Task objective: Skip the pictures. Transcribe the rest of the data below without changing a word.

Dataset excerpt:
****************************************

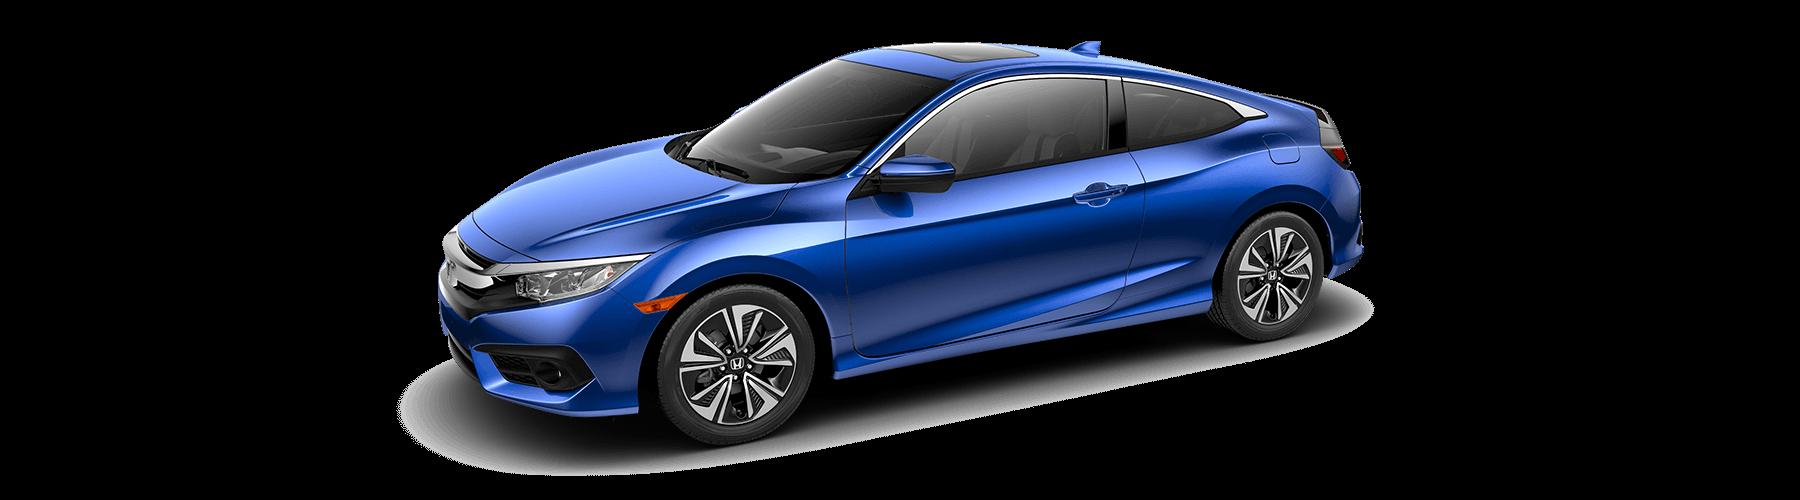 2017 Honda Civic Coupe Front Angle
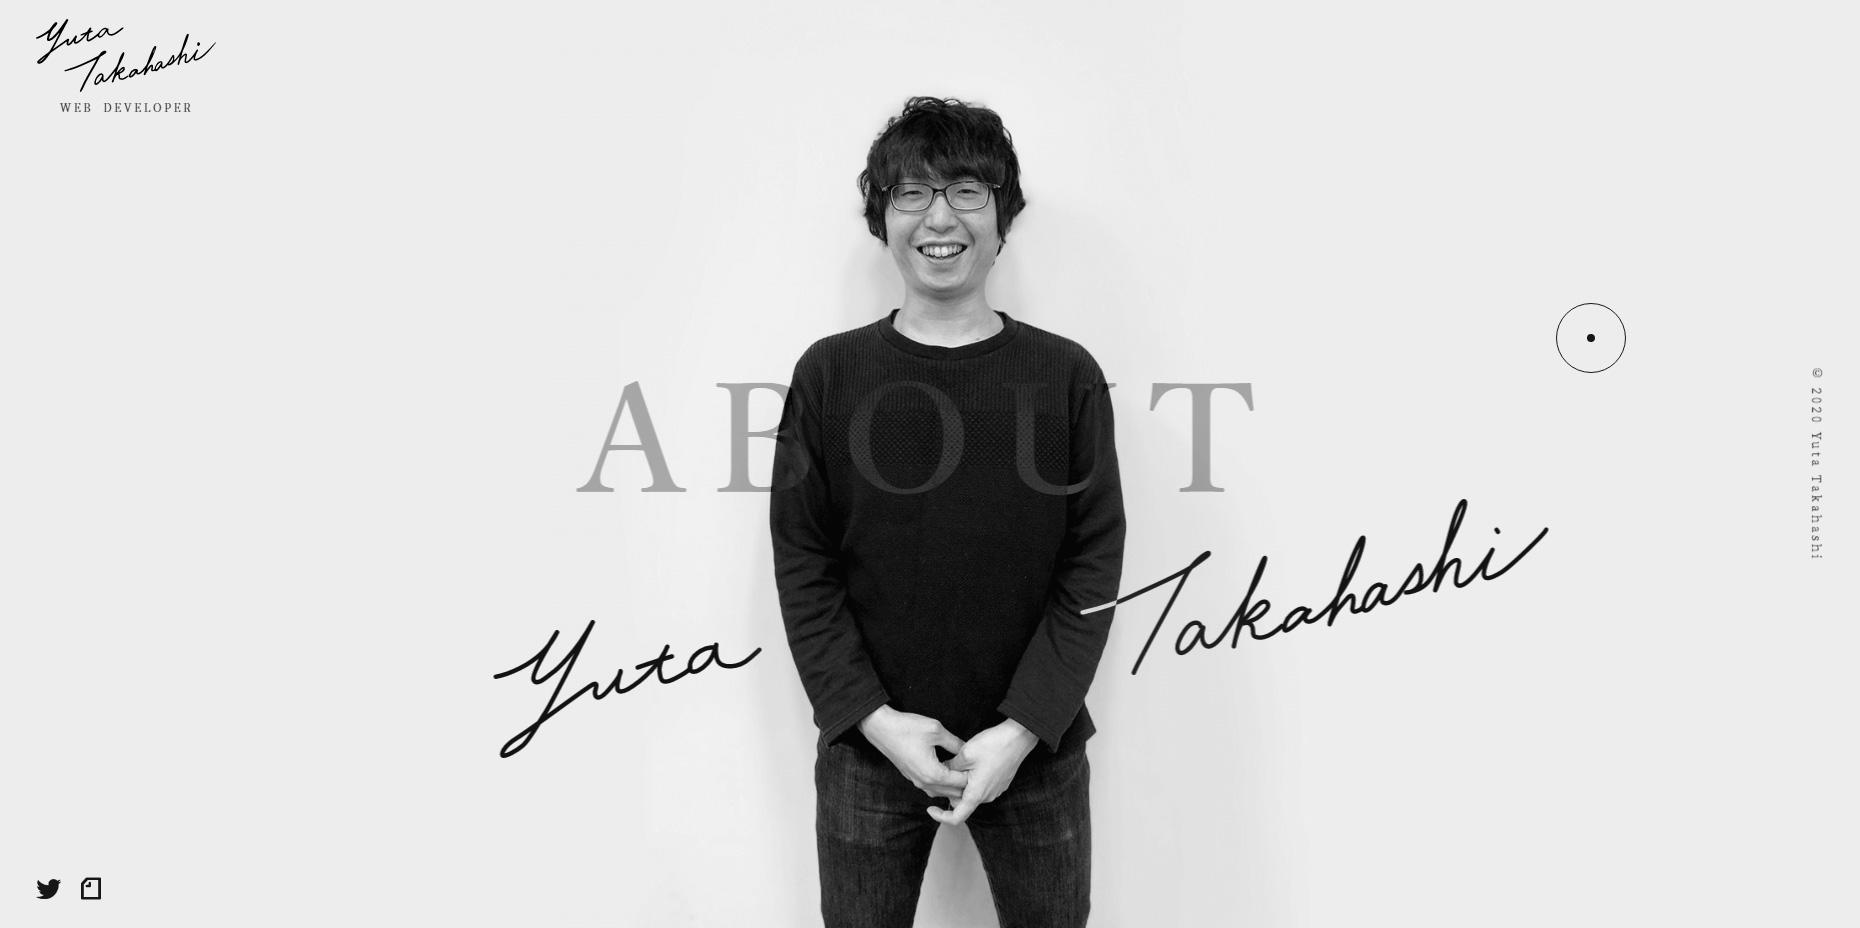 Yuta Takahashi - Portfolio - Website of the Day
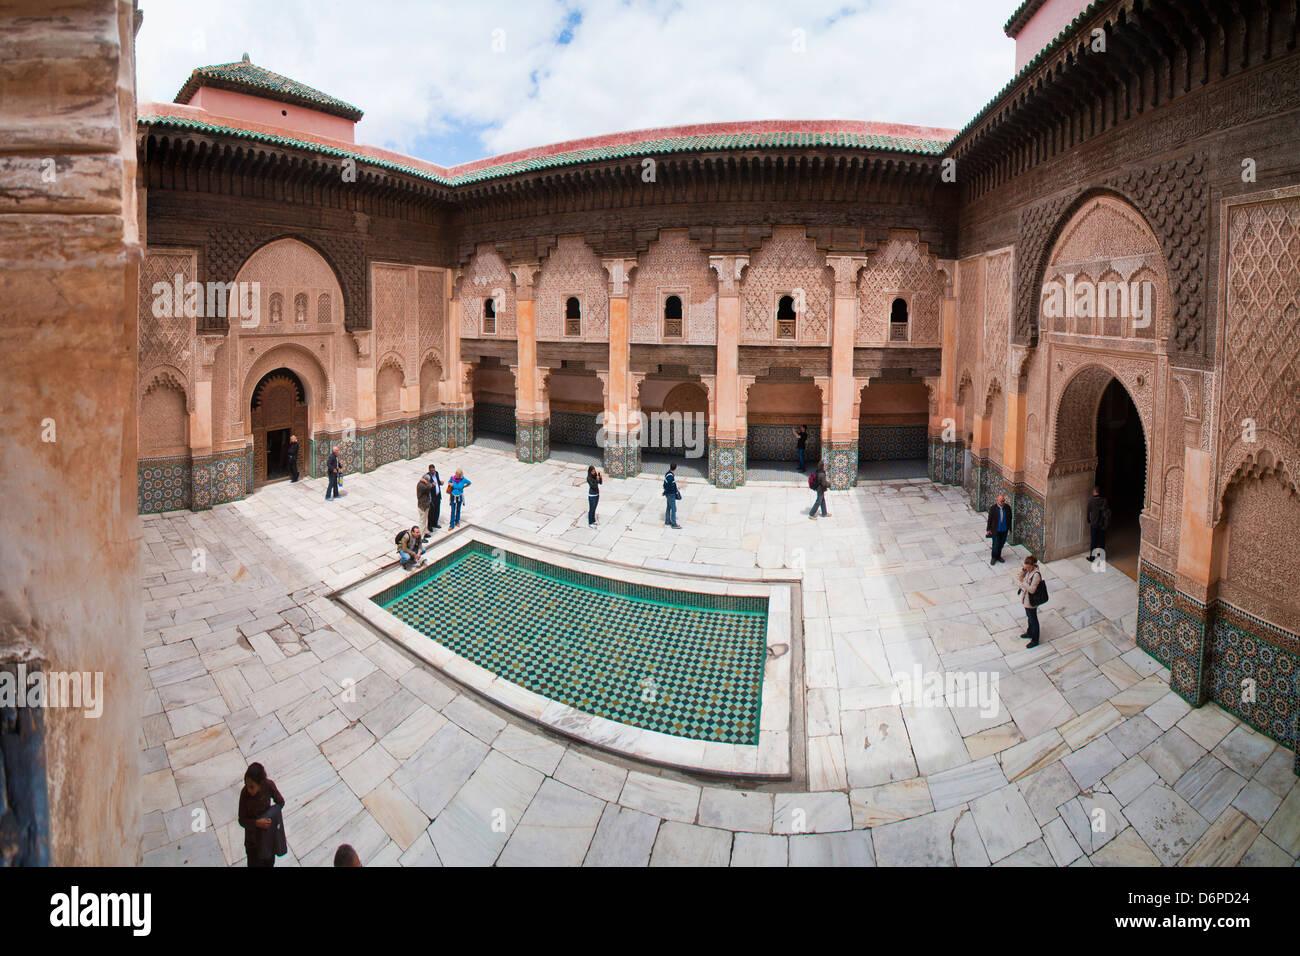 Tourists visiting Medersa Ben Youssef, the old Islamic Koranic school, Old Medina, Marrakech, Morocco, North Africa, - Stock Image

****************************************

Result below:
 2017 Honda Civic Coupe Front Angle
 Yuta Takahashi - Portfolio - Website of the Day
 Tourists visiting Medersa Ben Youssef, the old Islamic Koranic school, Old Medina, Marrakech, Morocco, North Africa, - Stock Image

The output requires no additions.